While cleaning the office of a detective agency, janitors Laurel and Hardy answer a telephone call from an inventor who claims to have created a destructive bomb he calls "The Big Noise." Posing as detectives, the duo move into the inventor's home, where they must contend with his eccentric behavior, oddball widowed aunt (who takes a fancy to Hardy) and his misbehaving nephew. The inventor's neighbors are crooks who are eager to steal the new bomb.
Laurel and Hardy hide the bomb in a concertina and steal an airplane to bring it to Washington. However, the airplane is a remote control target used by the U.S. Army for gunnery training. Laurel and Hardy barely escape by parachuting to safety over the Pacific Ocean, and they dispose of the bomb by dropping it on a Japanese submarine.
The Big Noise was the fifth of six feature films Laurel and Hardy made at 20th Century Fox during the 1940s. During the film's production, Stan Laurel told an interviewer that efforts were made to support the American World War II domestic effort to conserve materials. "We cut out automobile chases and food wasting-gags when the war first started, and with The Big Noise we decided to slash every gag that might conceivably have bearing on wartime wastages and destruction," he said.
Scenes and gags used in previous Laurel and Hardy films turned up in The Big Noise. Among the earlier films to have their material reused were Berth Marks, Wrong Again, Block-Heads and The Flying Deuces.

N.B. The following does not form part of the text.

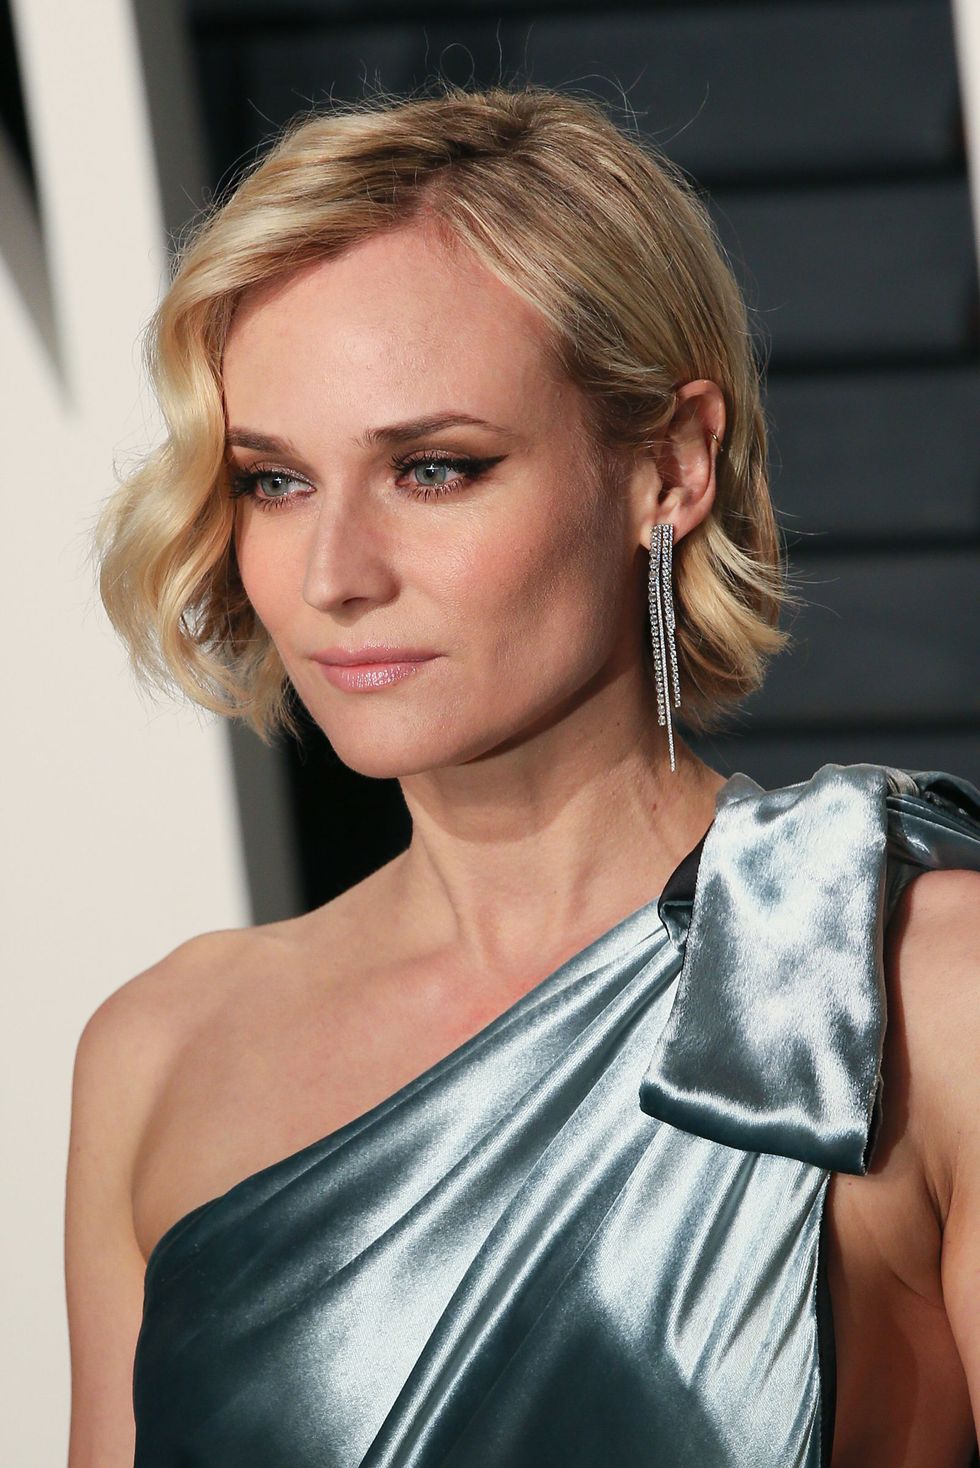 BEVERLY HILLS, CA - FEBRUARY 26:  Actress Diane Kruger attends the 2017 Vanity Fair Oscar Party hosted by Graydon Carter at the Wallis Annenberg Center for the Performing Arts on February 26, 2017 in Beverly Hills, California.  (Photo by David Livingston/Getty Images)

Laurel would later recall that he attempted to convince producer Sol M. Wurtzel to recycle the Berth Marks scene involving the duo in a claustrophobic train berth by changing the location of the berth to a transcontinental airplane. Laurel felt having the airplane hitting turbulence with the pair bouncing about in the berth would be funnier than recycling the train-based gags. Laurel's request was rejected, but the film did improve on the original setup by adding comic actor Jack Norton as an inebriate who shares the berth with Laurel and Hardy.